FP4, sparsity, and the petaFLOP claim

The headline figure for the DGX Spark is “up to 1 petaFLOP of AI performance.” That number is real but specific, and it helps to know exactly what it measures.

It is an FP4 number

The petaFLOP figure is FP4 throughput: four-bit floating point. Blackwell’s 5th-generation Tensor Cores added native support for very low-precision formats, and FP4 is the lowest. Lower precision means each operation moves and computes fewer bits, so the raw operations-per-second count goes up dramatically compared to FP16 or FP8.

This is not a sleight of hand. Low-precision inference is genuinely how modern models are served efficiently. But it does mean the petaFLOP is the ceiling for FP4 work, not a general-purpose compute rating. The same chip doing FP16 training math operates at a much lower FLOP count.

It assumes sparsity

NVIDIA’s number is the theoretical peak with the sparsity feature enabled. Structured sparsity lets the Tensor Cores skip a patterned subset of zero weights, roughly doubling throughput on models that have been trained or pruned to exploit it. A dense model that does not use structured sparsity will not reach the sparse peak.

So “1 petaFLOP” expands to “up to 1 petaFLOP, FP4, with structured sparsity, theoretical peak.” Read it as the optimistic ceiling for the most favorable workload, the way you read any vendor peak-FLOP figure.

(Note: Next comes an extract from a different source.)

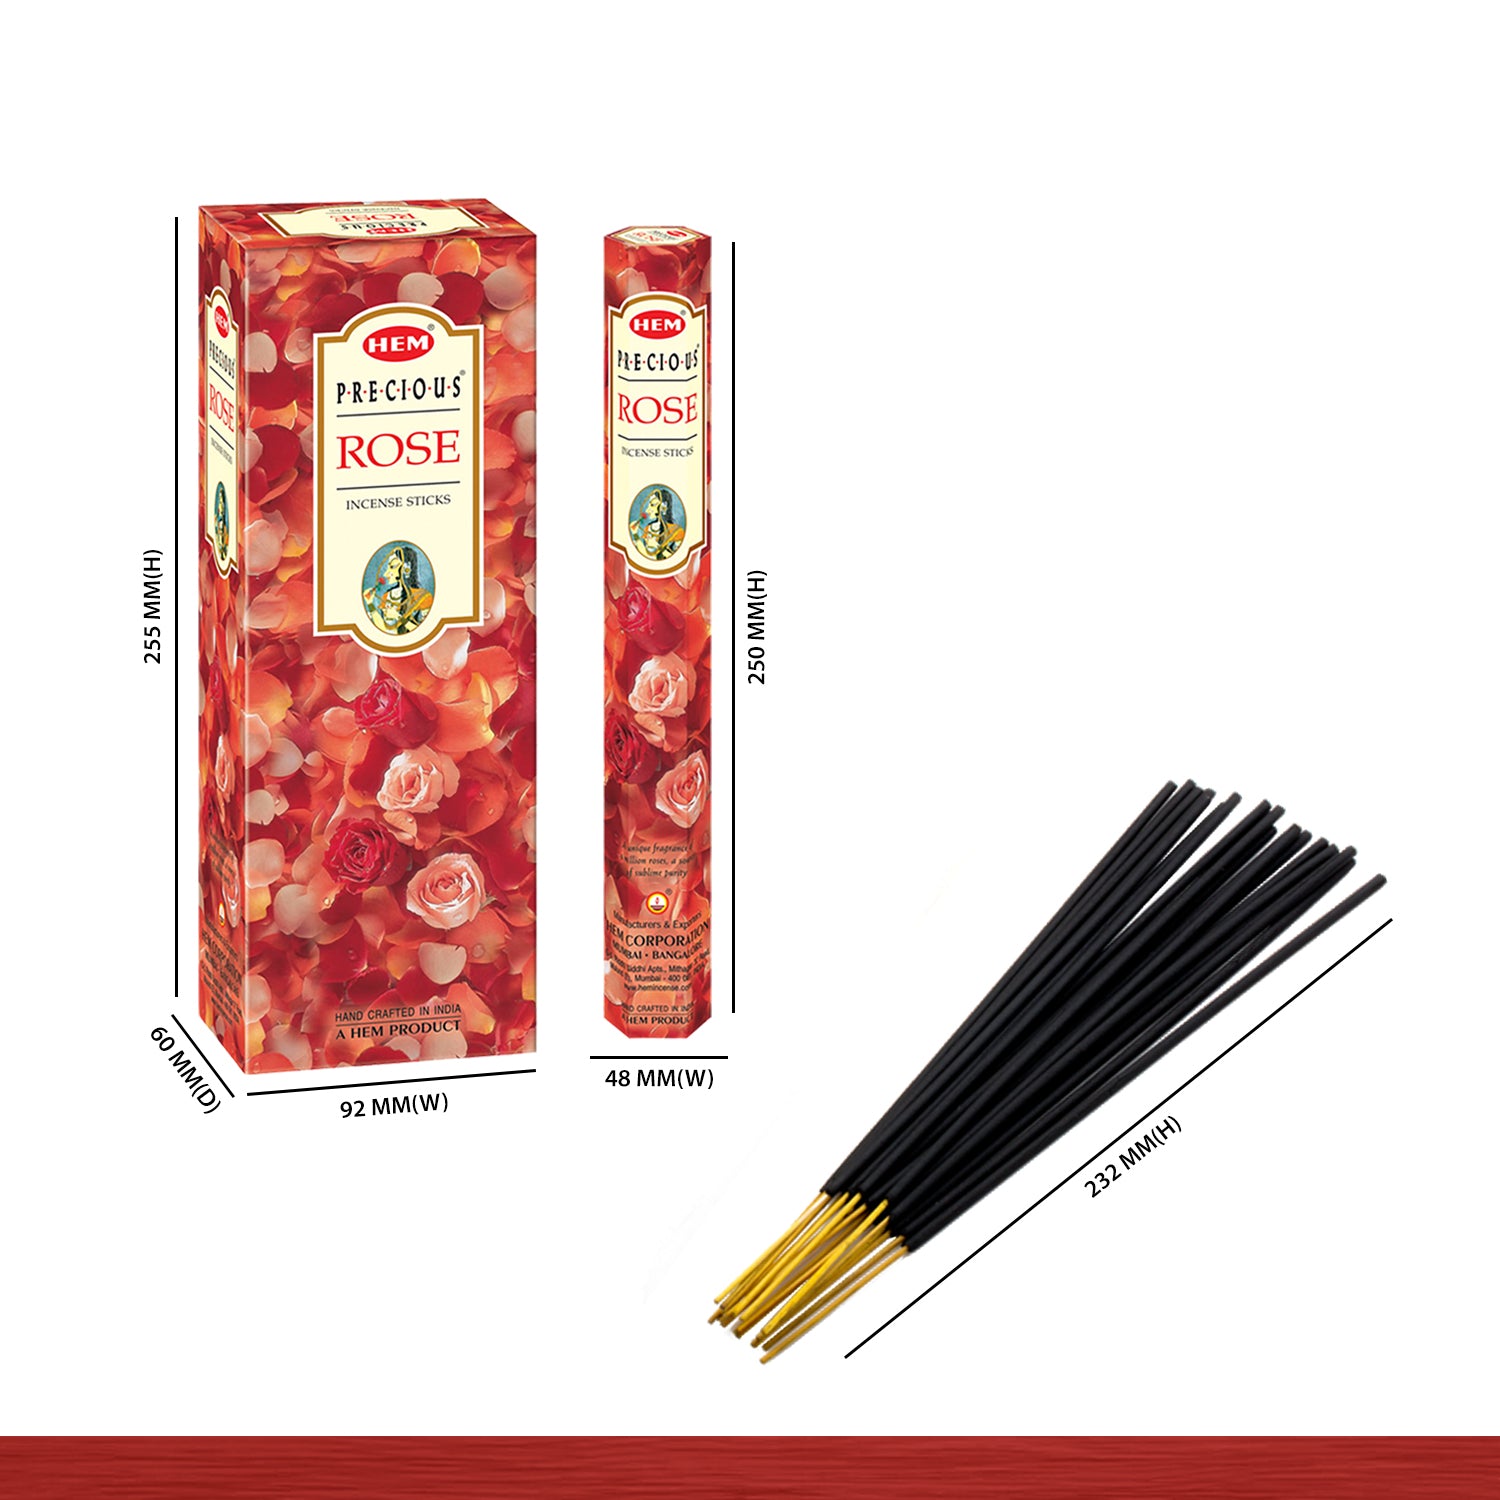 hem-precious-rose-incense-sticks-size
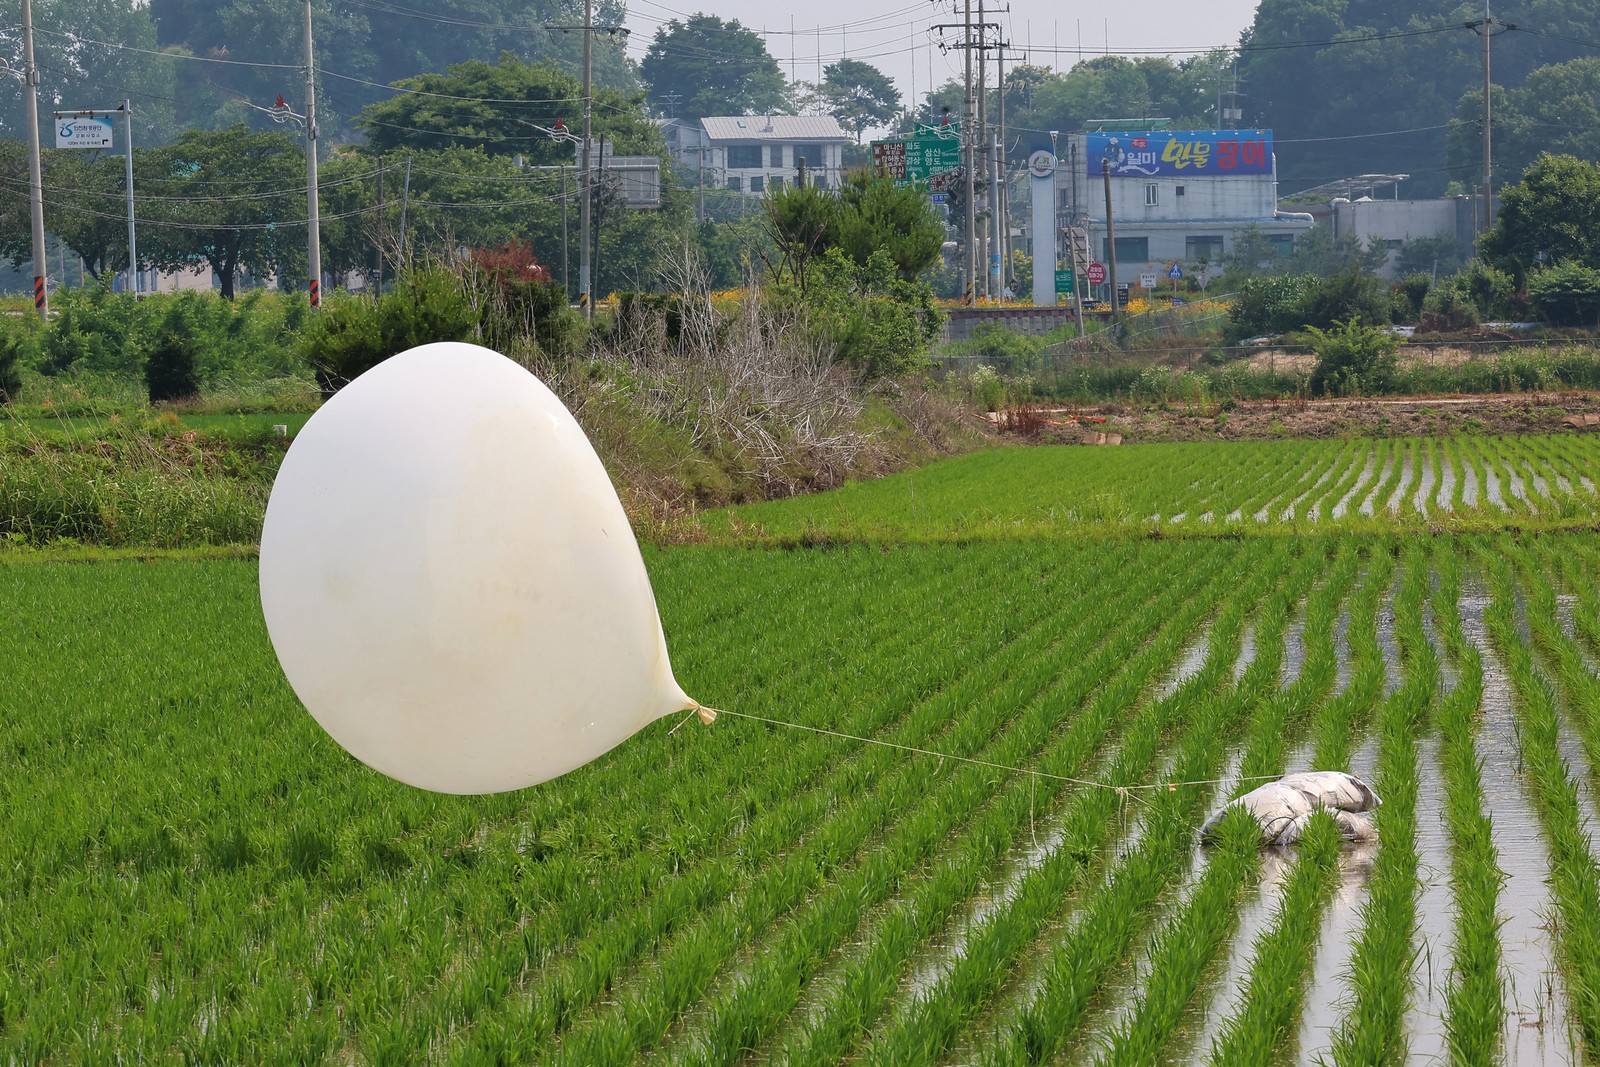 Balão lançado pela Coreia do Norte aterrissa em plantão de arroz de Incheon, território do Sul — Foto: YONHAP / AFP

Why FP4 matters for what you can run

Precision interacts directly with the unified memory story. Lower precision shrinks the weights:

Precision	Bytes per parameter	70B model weights
FP16	2	~140 GB
FP8	1	~70 GB
FP4	0.5	~35 GB

FP4 does double duty: it makes the Tensor Cores faster and it halves the memory footprint versus FP8, letting even larger models fit in the 128 GB pool. The cost is precision loss, which good quantization schemes (and formats like NVFP4) work hard to minimize. NVIDIA ships an NVFP4 quantization playbook for exactly this.

The takeaway

The petaFLOP claim is a fair description of the chip’s FP4 ceiling. When you are reasoning about real workloads, anchor on two things instead: how much memory your model needs at the precision you will actually run, and that token generation is bandwidth-bound. Those two facts predict your experience far better than the peak-FLOP headline.